There’s been lots written about the demise of Sears, but, at the risk of over simplification, Sears took its eye off the ball. With the massive holdings in so many adjacent industries, it did not react quickly enough to discount stores, factory outlets, WalMart and online retailing.

And when it did react, it was too little, too late. It went from an attitude of “if it ain’t broke, don’t fix it,” to “it’s broke and we don’t know how to fix it.” Sears attempted to return to its roots of retailing, downsizing itself out of existence in the process. The rest, as they say, is history. A history that Jeff Bezos now tells us is inevitable.

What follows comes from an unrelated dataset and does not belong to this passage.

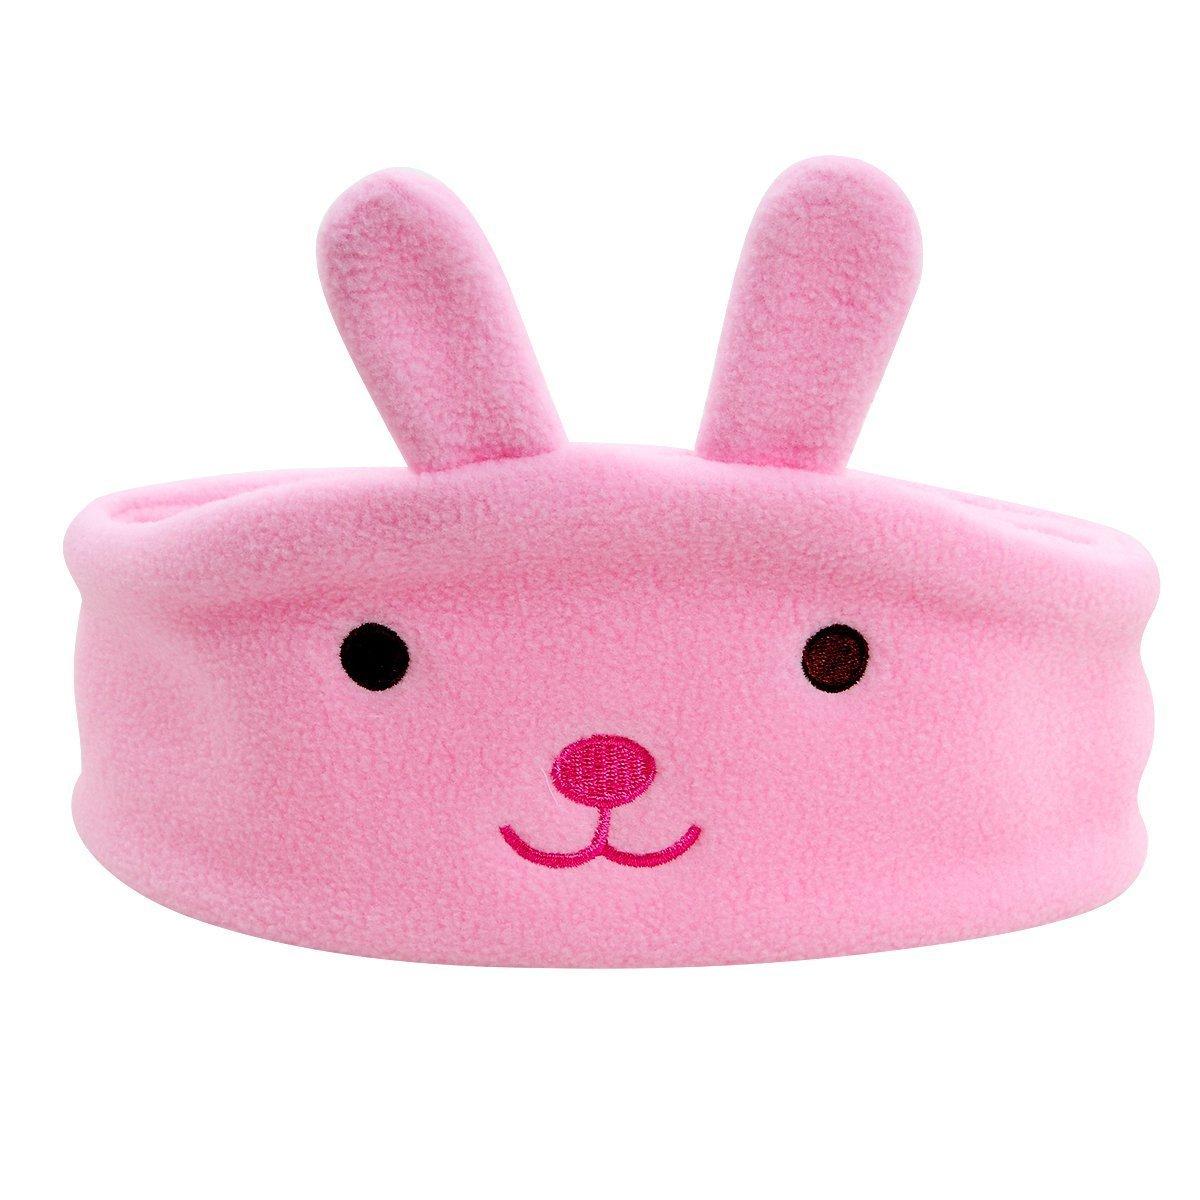 Children Headphone Kids Music Headphone Headband Volume Limited Adjustable Soft Children Fleece Washable Headband Eye Mask Sleeping Headphones for Travel and Home-Panda Xmas Birthday Gift (Pink)
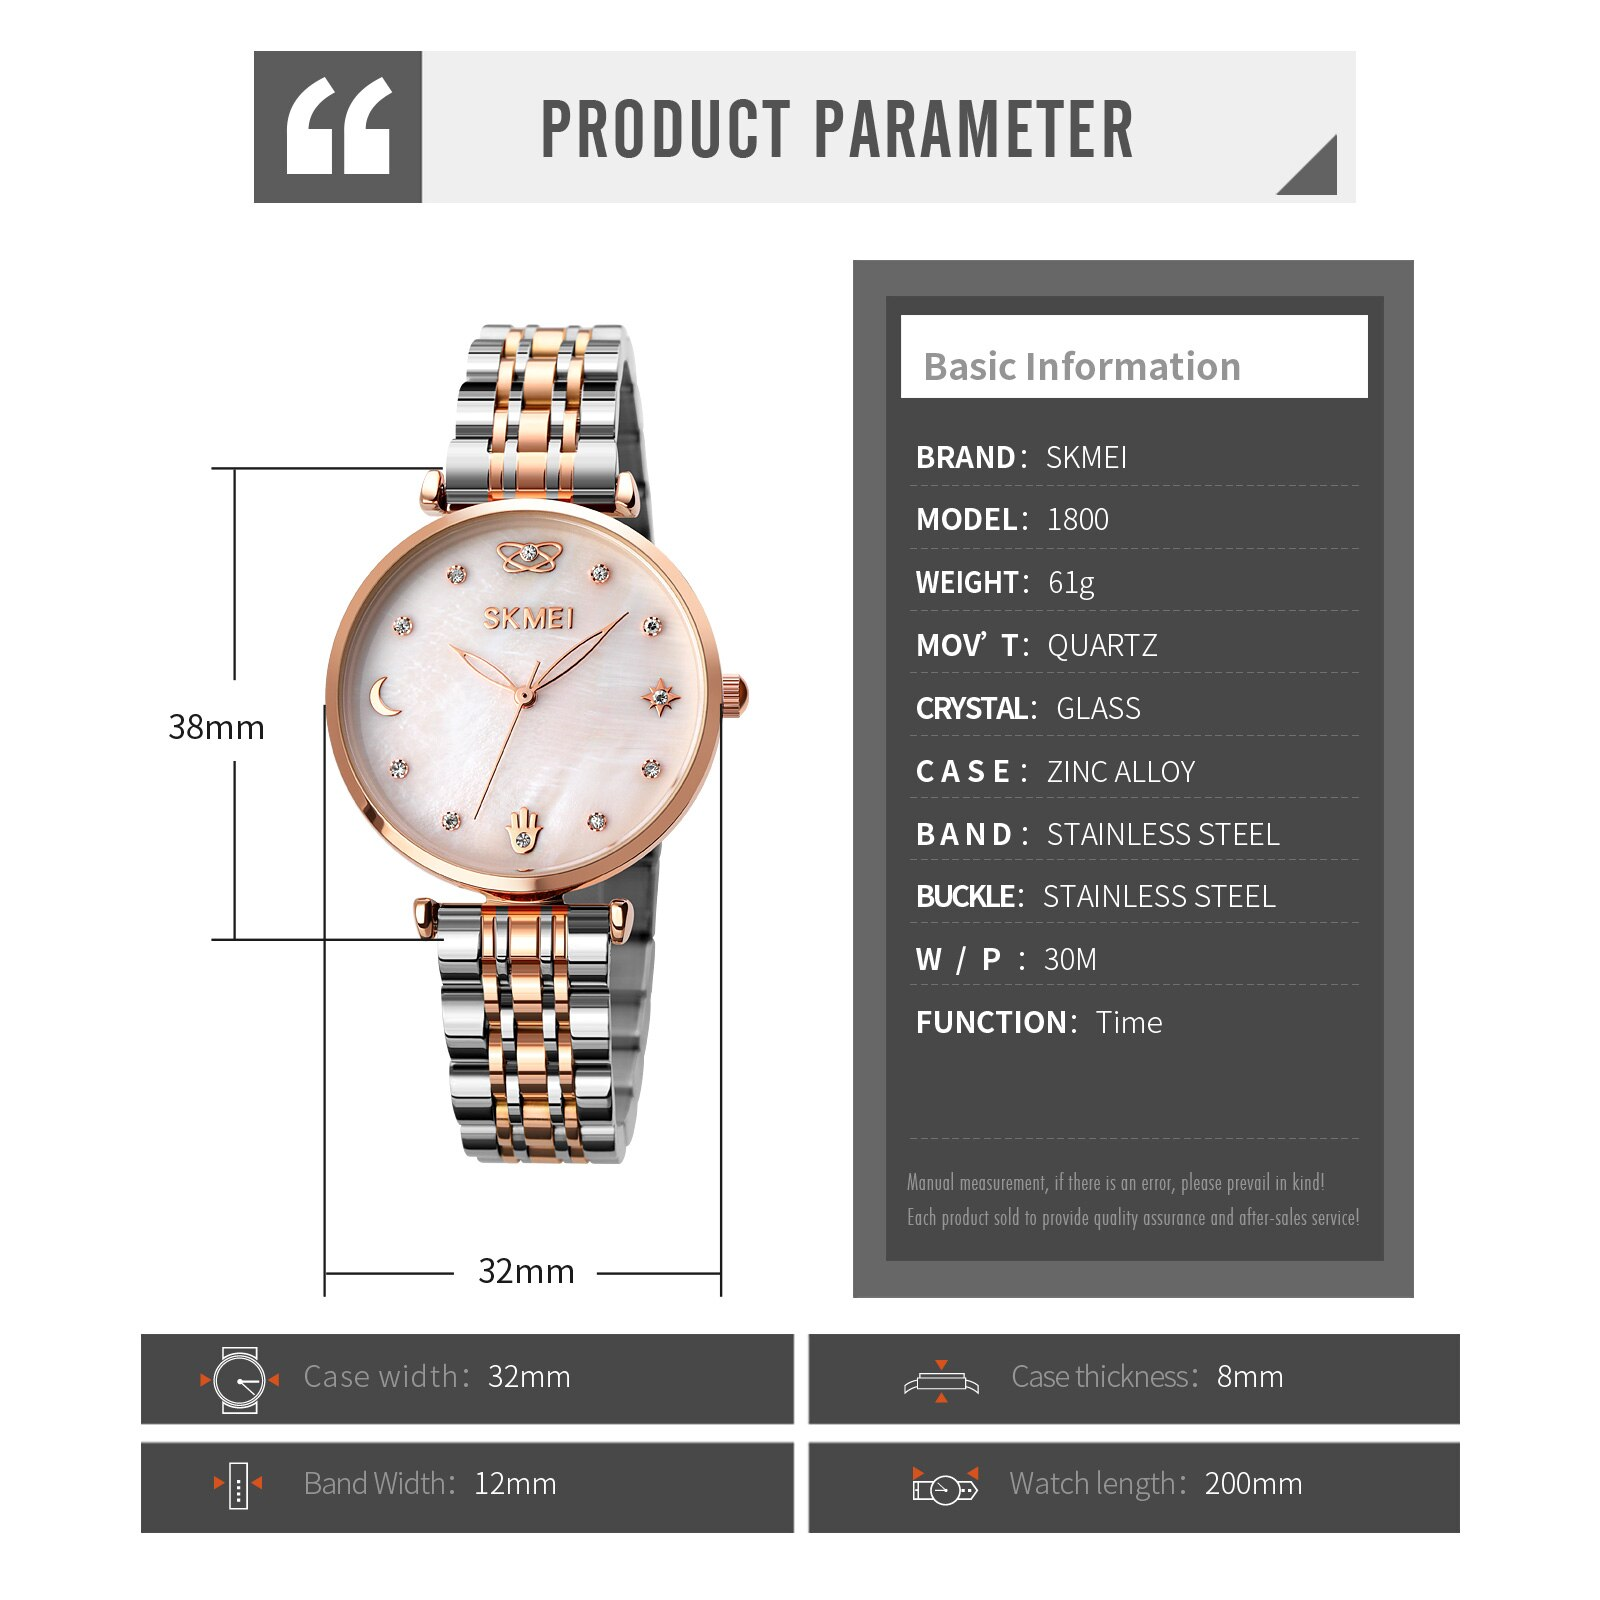 SKMEI Elegant Meticulous Womens Watches Rhinestone Mosaic Fashion Women Quartz Wristwatches Ladies Girls Watch reloj mujer 1800 enlarge

Now, the skeptic or cynic might be reading between the lines regarding the Bezos comments, since the timing was coincident with rumblings from the White House about possible anti-trust action against Amazon, Google and other tech giants. Amazon may also be next in line (after Facebook and Google) for the proverbial slap on the wrist from the European Union on charges of predatory pricing.

And what Bezos didn’t emphasize to his employees was just how disruptive Amazon has been and continues to be. The company, which started out with the goal of “being the bookseller to the world,” has taken over e-retailing, is making its mark in streaming video with Amazon Prime, in brick and mortar with Whole Foods, and it has essentially created and dominates the cloud computing industry with Amazon Web Services.

But Bezos is simply emphasizing that as rich and powerful as he and his company are, there is no one individual or company that is invulnerable.

Moreover, he emphasized in his message to employees this cold hard fact: the pace of disruption is accelerating. The average life cycle of companies has decreased from 100 years to around 30 years.

When you consider that Amazon was founded in 1995, you can easily do the math to see that his company is racing headlong toward its 30-year anniversary. Is his timing off? Maybe, maybe not. But consider some precedence in the matter:

Blockbuster made it to the ripe old age of 28 years.

Scott McNealy, the CEO at Sun, used to quip: “Eat lunch or be lunch.”  Sun got eaten. It took about 28 years.

The pace is accelerating. No company or industry is immune.